The task of accurately tracking all of these registrants is enormous, errors are inevitable and agreement on an acceptable standard of accuracy has been elusive. The Department of Justice has been criticized for failing to keep good records and for allegedly “losing” many of its registered sex offenders .
The political context within which discussion about Internet posting occurs is one that challenges all participants. It is risky, in today’s political climate, to take a position and cast a vote that could later be construed by potential political opponents as “soft on crime.” The enactment of term limits for elected officials reduces the number of securely entrenched politicians who can vote without weighing heavily the potential political vulnerability and/or support that taking a particular position may entail. Thus, as the legislature weighs the matter, considerations beyond the intrinsic merits of any position in this debate may eventually determine the outcome. Nevertheless, it seems important to present those merits and provide information that allows interested parties to carefully consider this issue. It is against this background that the information offered in the following sections of this paper is provided.

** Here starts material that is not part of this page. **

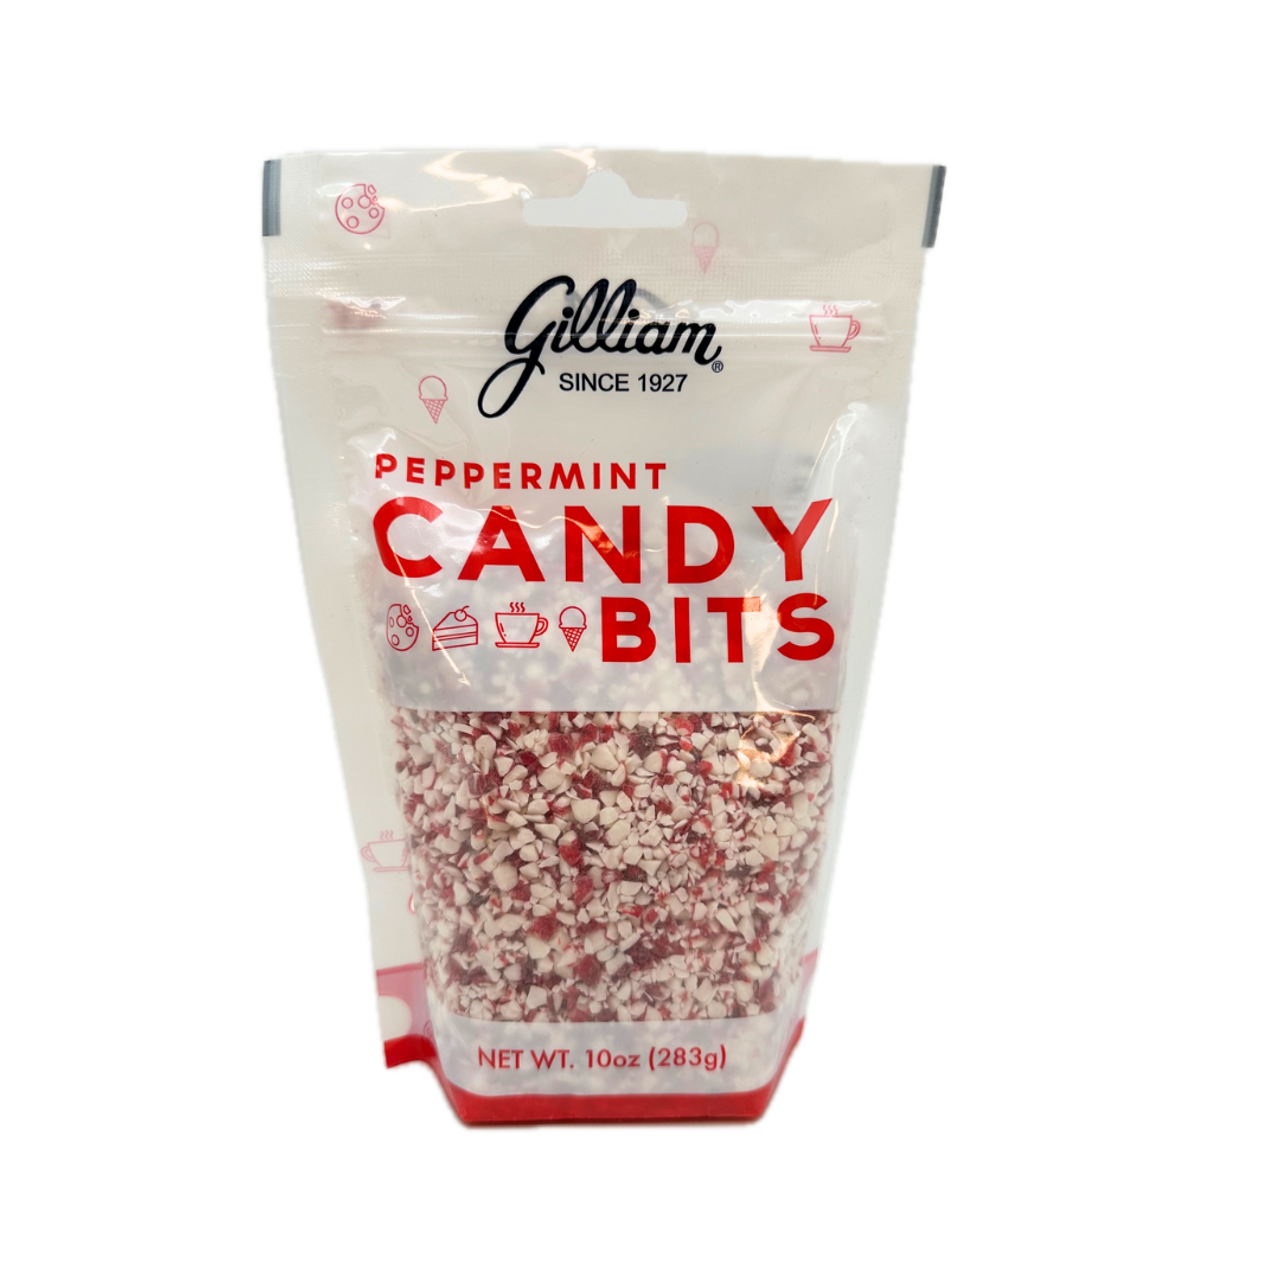 Gilliam Peppermint Candy Bits 10oz - 12ct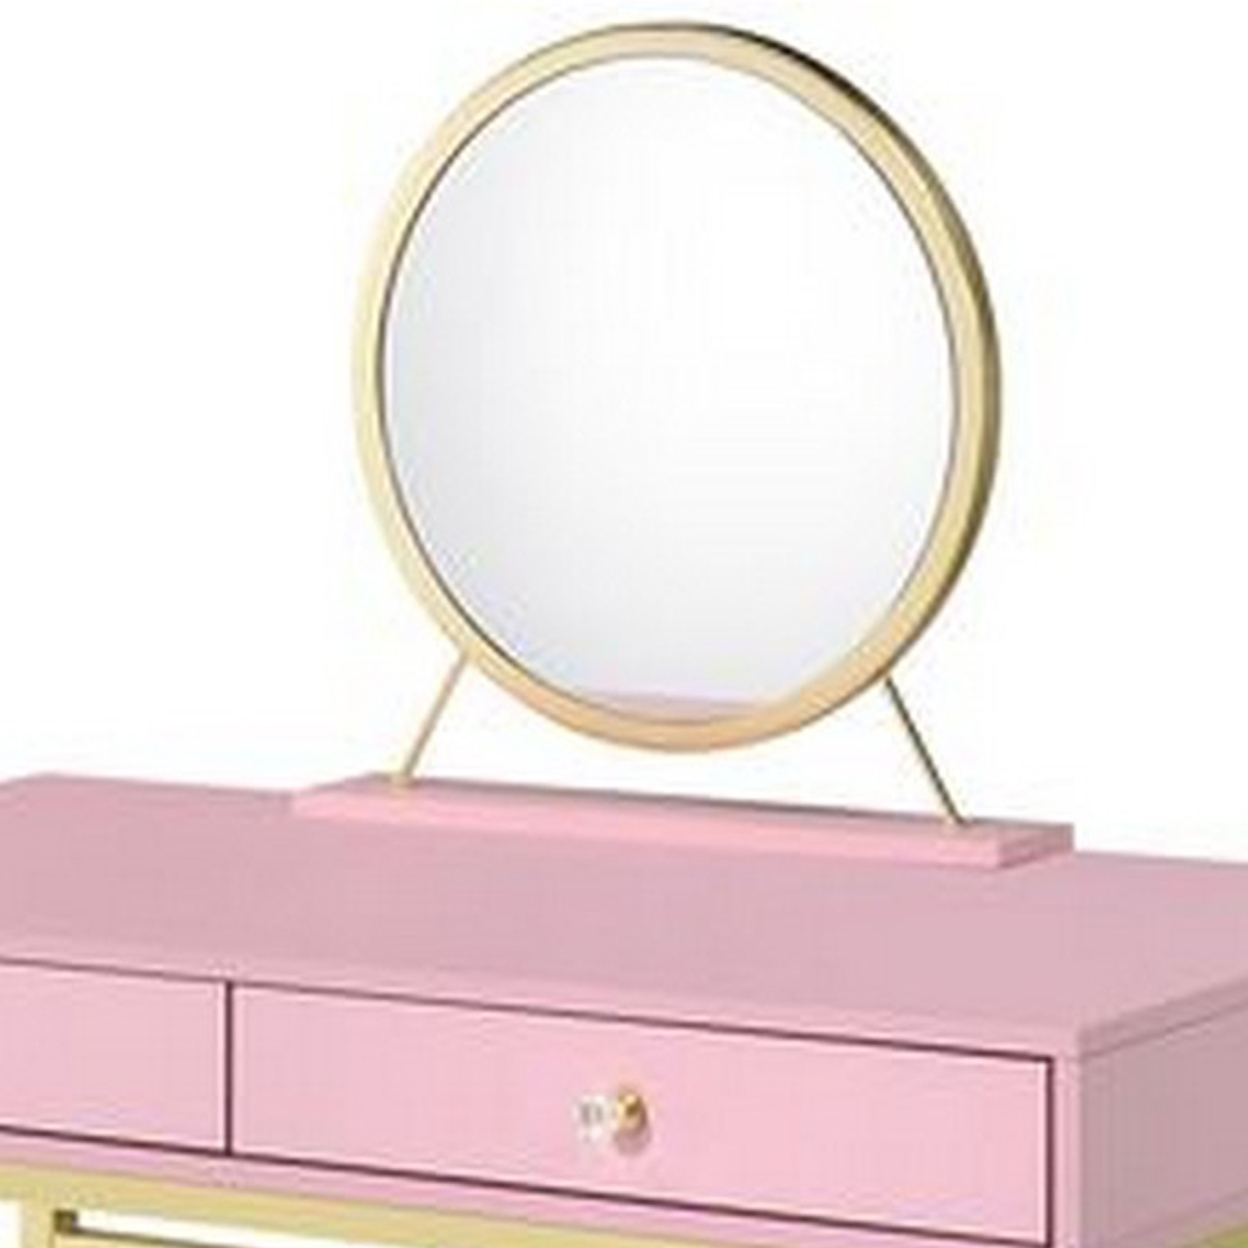 Vanity Desk With Removable Mirror And Open Metal Frame, Pink And Gold- Saltoro Sherpi

Putting this paper forward at this time entails the risk of further intensifying political focus on this particular issue while eclipsing themes that should provide a larger context for considering the overall usefulness of Internet notification. There are numerous other strategies for making the community safer with respect to sexual assault but few of them have been implemented in California. Other approaches within the criminal justice framework include implementing more careful individual risk assessments, increasing the length and intensity of supervision for high risk cases (including possible lifetime supervision), requiring quality treatment for those amenable, using the “Containment Model” for more effective management of sex offenders in the community and creating transitional housing to reduce the numbers of homeless and rootless sex offenders who are often lost to the registration system. Community notification and education meetings can help citizens understand that in reality the greater danger of sexual abuse and sexual assault is posed by individuals already known to the victim, not by lurking strangers. Several states have created Sex Offender Management Boards in order to coordinate multi-agency efforts and promote best practices for managing sex offenders in the community.

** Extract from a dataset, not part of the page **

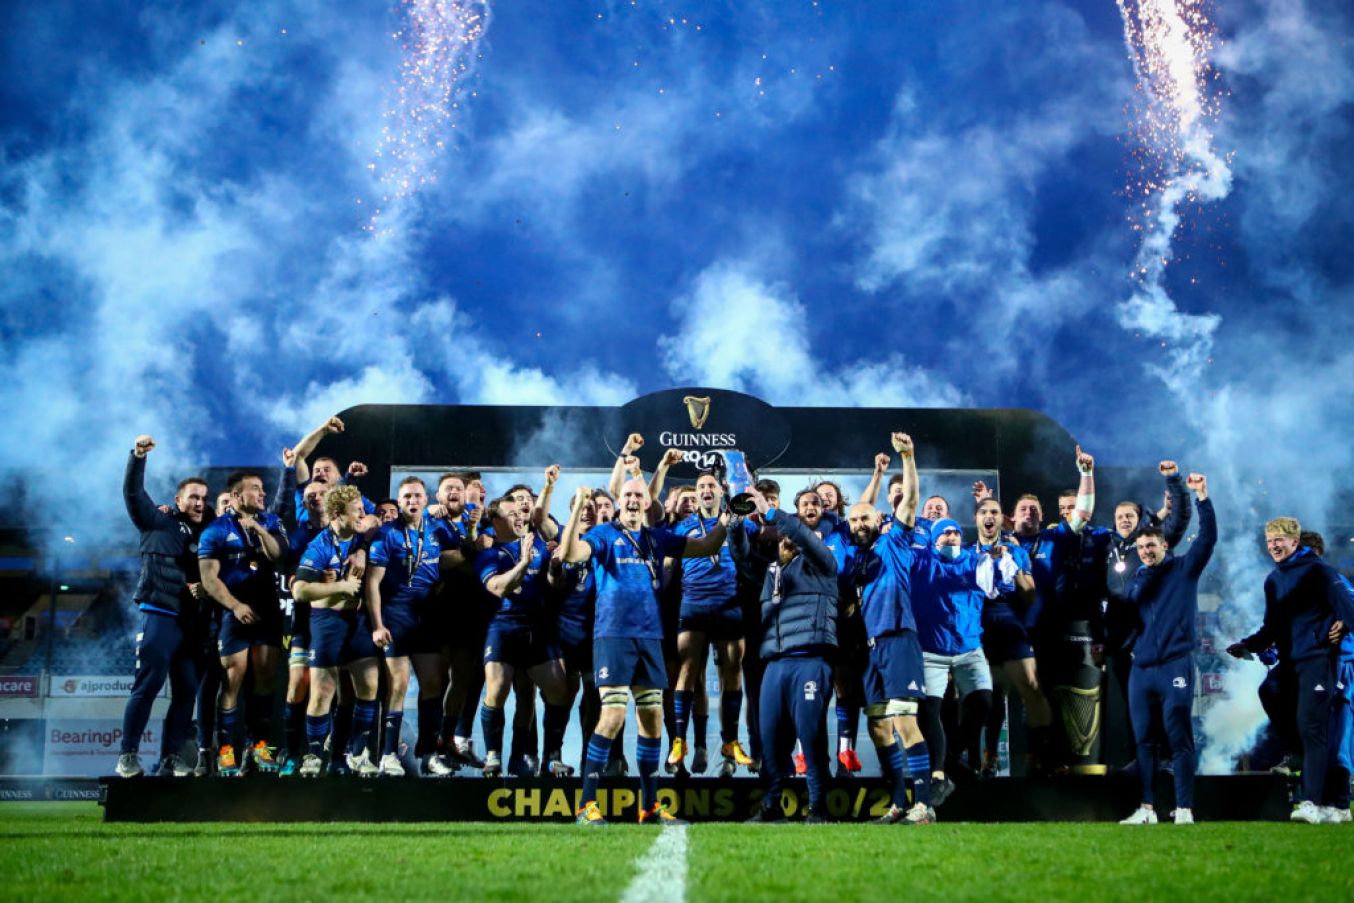 The Leinster Team Celebrate As Guinness Pro14 Champions After Beating Munster In The Final. ©Inpho/James Crombie

The true reduction of future sexual victimization and the selection and support of methods to advance that goal require a broad range of strategies to be put in place, many of them outside the boundaries of a strictly criminal justice system approach. More public policy energy should be directed into reframing the problem of sexual assault as a public health issue. Supporting the introduction of such grass roots approaches as “Circles of Support and Accountability” and innovative primary prevention services like “Stop It Now!” can be useful components of a larger strategy.
Unfortunately, California’s focus at this time is primarily on the notification question. Therefore, CCOSO presents this paper as a service to all who wish to look more carefully at this one, very limited aspect of the larger issue of enhanced community safety from sexual abuse.History of Sex Offender Registration and Notification
In 1947, California became the first State to require convicted sex offenders to register with local law enforcement agencies. However, it wasn’t until the mid-1990’s, with acceptance of sexual abuse as a community problem and some highly publicized sexual assaults against children, that federal laws were enacted requiring States to track sex offenders and make certain information available to the public. At that time, Congress began passing a series of statutes that collectively require states to strengthen their procedures for keeping track of sex offenders:
- Under The Jacob Wetterling Crimes Against Children and Sexually Violent Offender Registration Act (1994)  States must:
a. Require certain offenders to register.
b. Maintain accurate registries.
c. Maintain and distribute registry information to law enforcement agencies.
d. Require law enforcement to disclose information to the public when necessary for public safety.
- The Federal version of “Megan’s Law” (1996)  amended the Wetterling Act to require a certain degree of community notification rather than leaving it to the discretion of local law enforcement agencies.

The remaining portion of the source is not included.